Когда я попал к дяде Вику, маминому старшему брату, это был сорокатрехлетний холостяк, высокий, худощавый и нескладный. Нос его чем-то напоминал клюв. Дядя был кларнетистом. Как и все Фогги, он имел склонность к мечтательности, праздности и длительной апатии, изредка сменявшимися взрывами энергии. В молодости, на заре многообещающей карьеры, едва он успел зарекомендовать себя хорошим музыкантом в Кливлендском оркестре, как все эти милые черты стали брать над ним верх. Он мог проспать репетицию, прийти на концерт без галстука, а однажды не постеснялся отпустить сальную шутку в присутствии знаменитого болгарского дирижера. Его уволили, и Виктор стал разъезжать с гастролями в составе не столь известных коллективов, причем каждый последующий был хуже предыдущего, а в 1953 году, полностью смирившись с провалом карьеры, вернулся в Чикаго. Когда в феврале 1958 года дядя взял меня к себе, он давал уроки игры на кларнете начинающим и играл в ансамблишке «Фантазии лунного света» под руководством Хови Данна.
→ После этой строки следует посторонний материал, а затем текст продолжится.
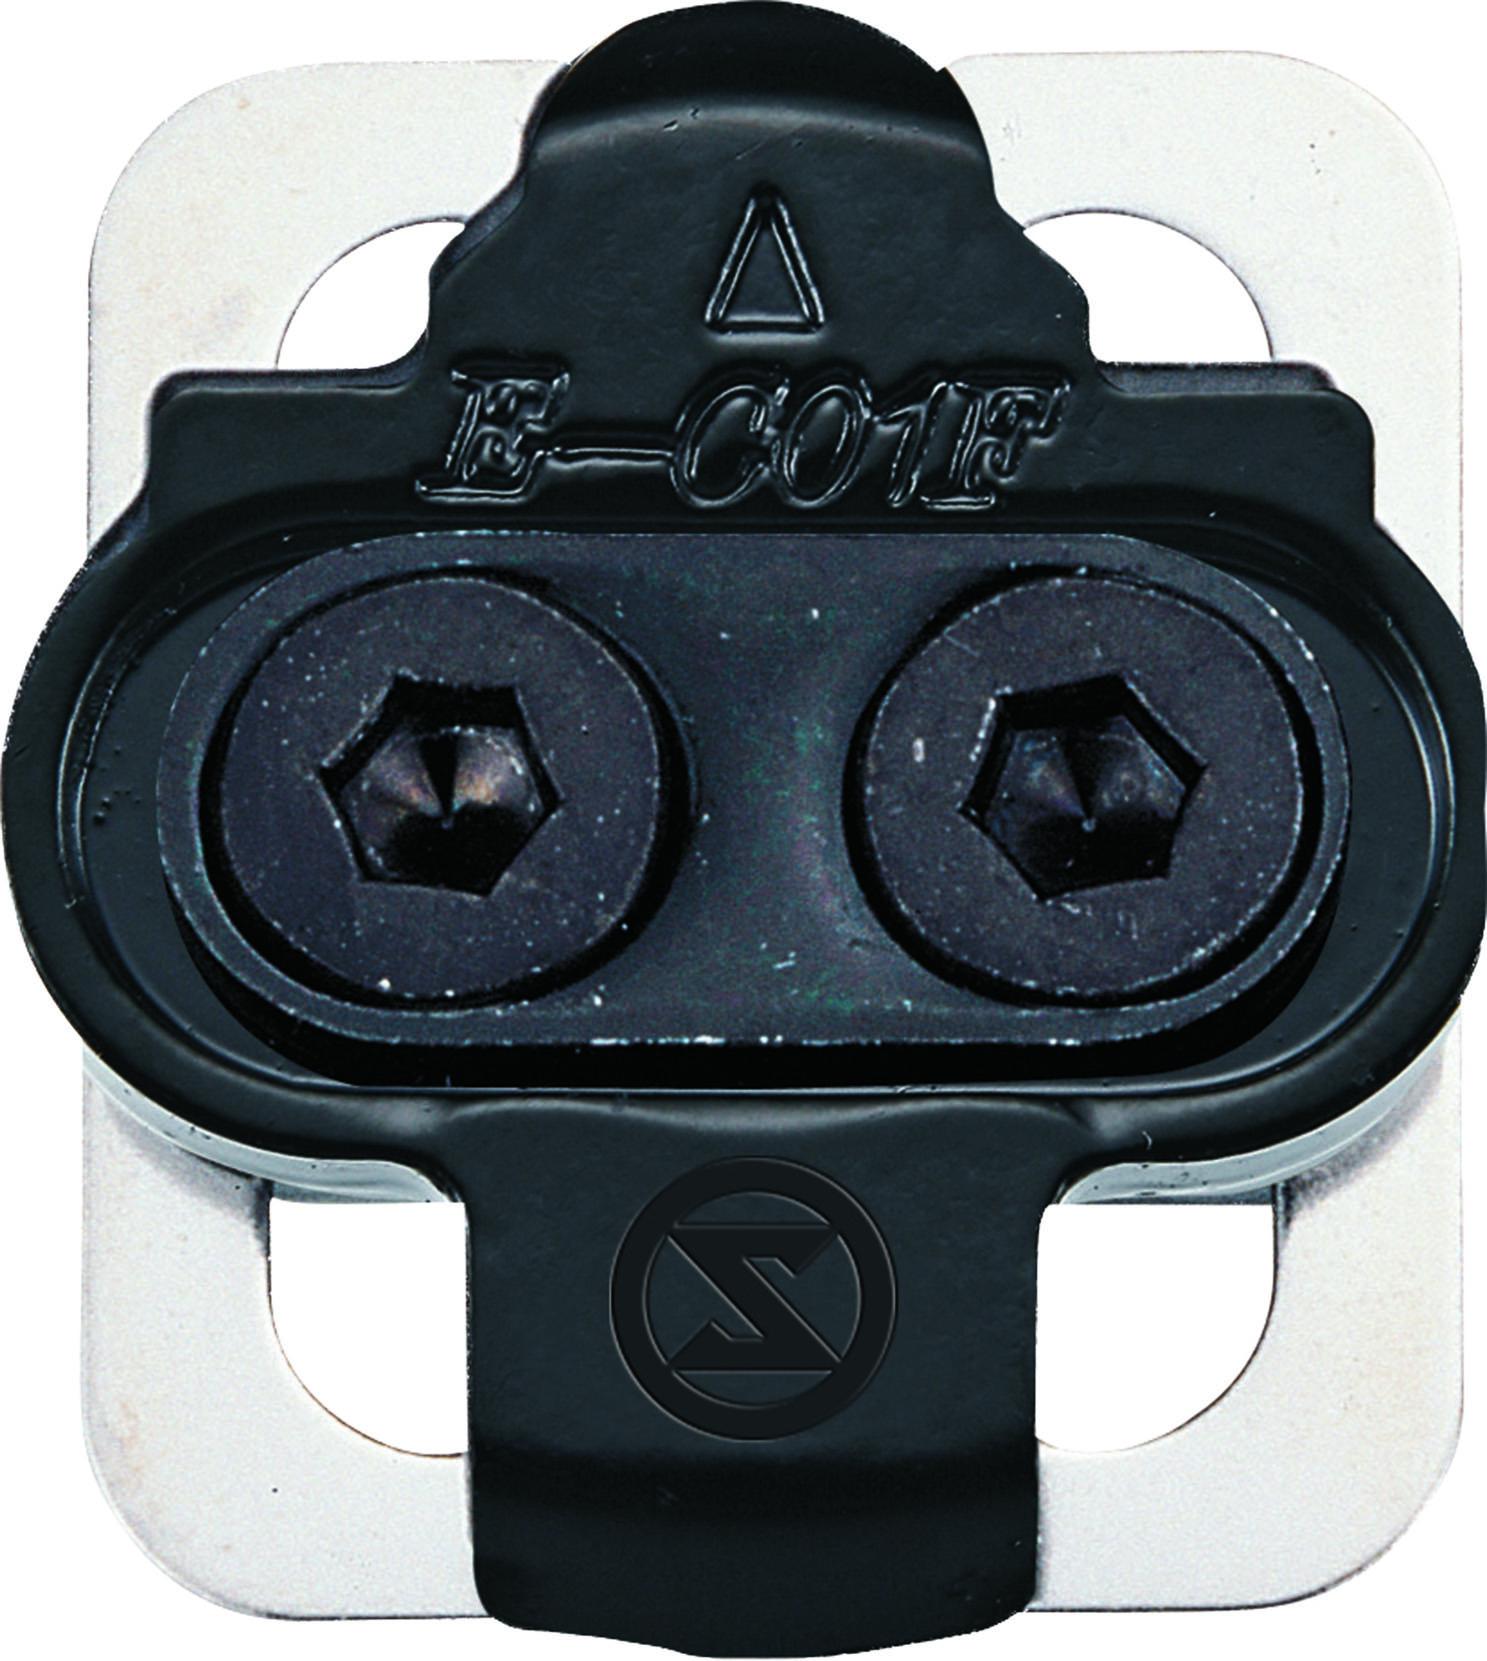 pedal cleats PT-C01F-1

Ансамблик играл попеременно на свадьбах, конфирмациях и выпускных балах. Виктор знал, что ему не хватает исполнительского честолюбия, но знал также, что в мире есть много любопытного помимо музыки. И своим многочисленным увлечениям он отдавался целиком, но, правда, недолго. Дядя был из тех, кто, занимаясь каким-то делом, всегда мечтает о чем-то другом. Разучивая новую пьесу, он не мог не прерваться, чтобы обдумать шахматную задачу, играя в шахматы, не мог не думать о поражениях бейсбольной команды «Чикаго Кабз», идя на танцплощадку, не мог не думать о каком-нибудь незначительном шекспировском персонаже, вернувшись же домой, не мог и двадцати минут усидеть за книгой, чтобы не метнуться к своему кларнету. Где бы он ни был, куда бы ни уезжал, дядя вечно оставлял после себя беспорядочные записи не продуманных до конца шахматных ходов, брошенные подсчеты очков в боксерских турнирах и недочитанные книги.